A 2015 TED talk that Dr. Waldinger gave at a Brookline, Ma. elementary school inspired him to include stories like Andrew’s in The Good Life. The message that building relationships is key to achieving a life of well-being went viral as his lecture became the ninth most watched TED Talk of all time. Shortly afterward Dr. Waldinger began receiving comments and e-mails from people, some in their twenties, saying “It’s too late for me. I don’t do relationships well. It’s never been good for me.”

At any point we can reinvigorate our lives with friendship and meaningful encounters, Dr. Waldinger counters. One step toward that goal might involve becoming more “intentional” about our use of the screens that now shape our lives. “Do we have the kind of agency to make sure that we don’t get pulled into patterns of living that essentially isolate us more and more?” he asks. After spending too much time scrolling through other people’s social media feeds, we begin to think everyone is happier and leading a more exciting life than we are. We too often forget that social media allows us to “curate” our lives to reveal only the positive aspects and not the difficulties that everyone faces, he cautions.

For those Class of 1973 graduates poised to return to Cambridge for their Fiftieth Reunion, Dr. Waldinger also suggests examining existing attachments and the content of one’s social life: “See where you could strengthen the relationships you already have, and also put yourself in situations where you are likely to make new relationships.” Find something you care about that puts you alongside people who share that interest or concern, he advises. Activities as varied as a bowling league or an environmental group focused on climate change can yield valuable friendships or connections that are simply fun.

Finally, Dr. Waldinger suggests regularly taking a moment to remember a person who still matters but whom you have not contacted for a long time. Reach out to that person, call them, send them a text or email, and say “I miss you.” The response often astonishes the person who initiates the contact, he said. “You’d be surprised how often something positive comes back, how often people are thrilled to hear from us.”

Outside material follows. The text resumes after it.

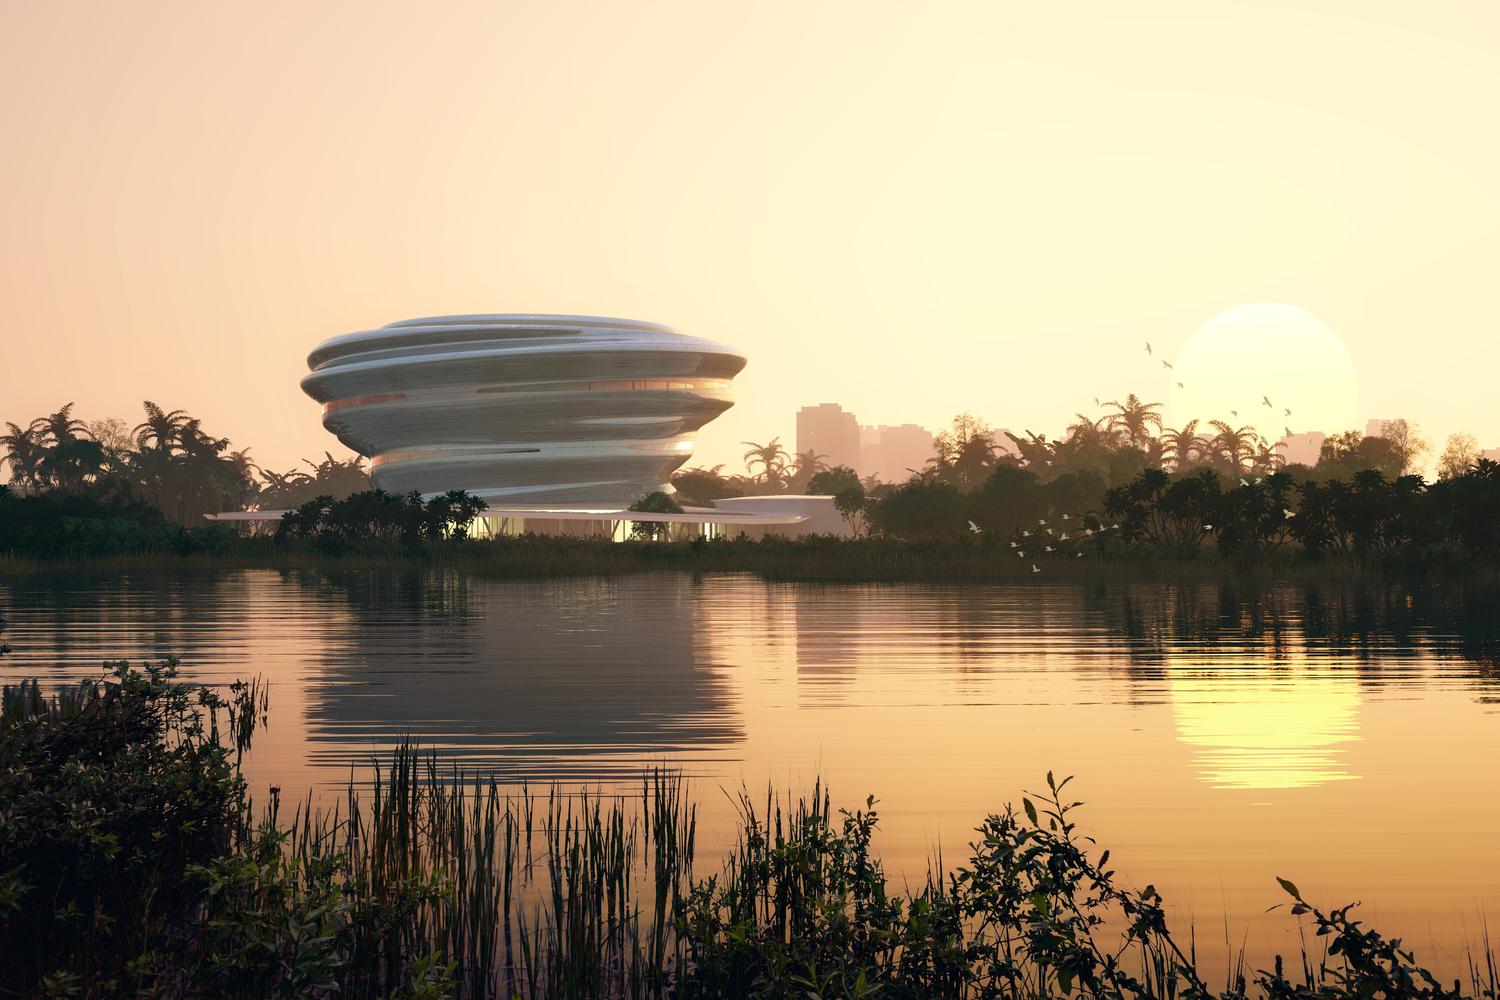 MAD设计海南科技馆，创造“原始雨林与未来科技相遇”的情境.jpg
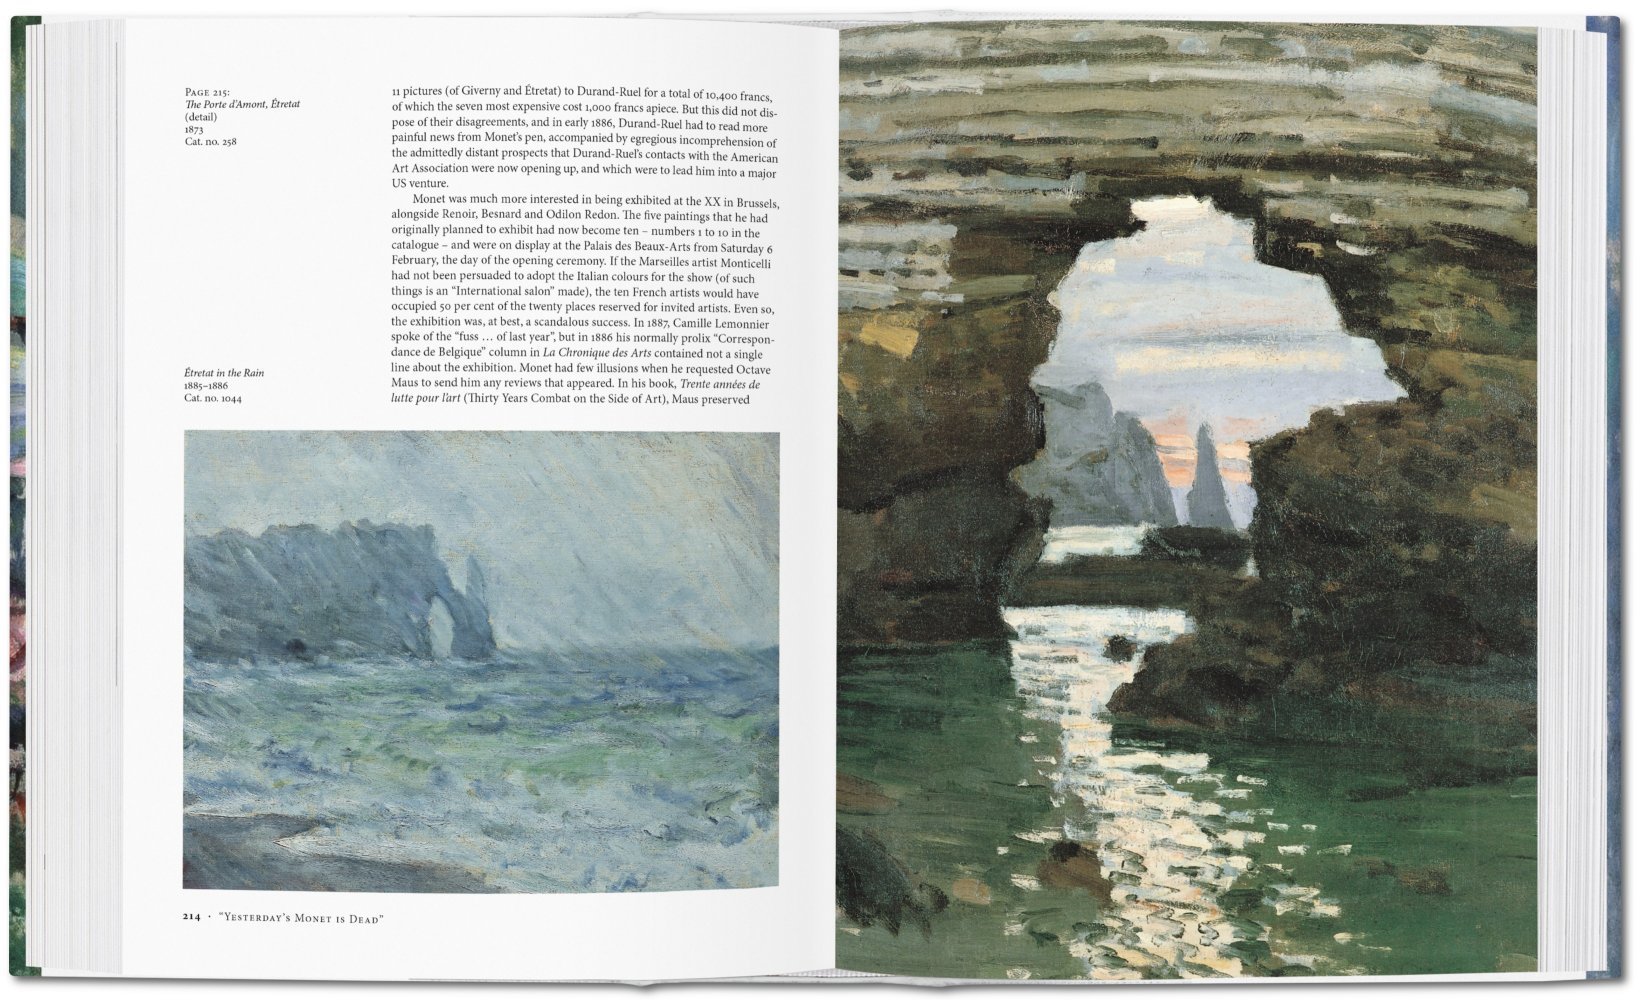 Monet | Der Triumph des Impressionismus

For those classmates who reflect on the relationships they have spun over fifty years and then act to fortify them in their remaining years, the rewards can be rich, Dr. Waldinger believes. The final page of his book reminds us that “by developing your curiosity and reaching out to others – family, loved ones, coworkers, friends, acquaintances, even strangers – with one thoughtful question at a time, one moment of devoted, authentic attention at a time, you strengthen the foundation of a good life.”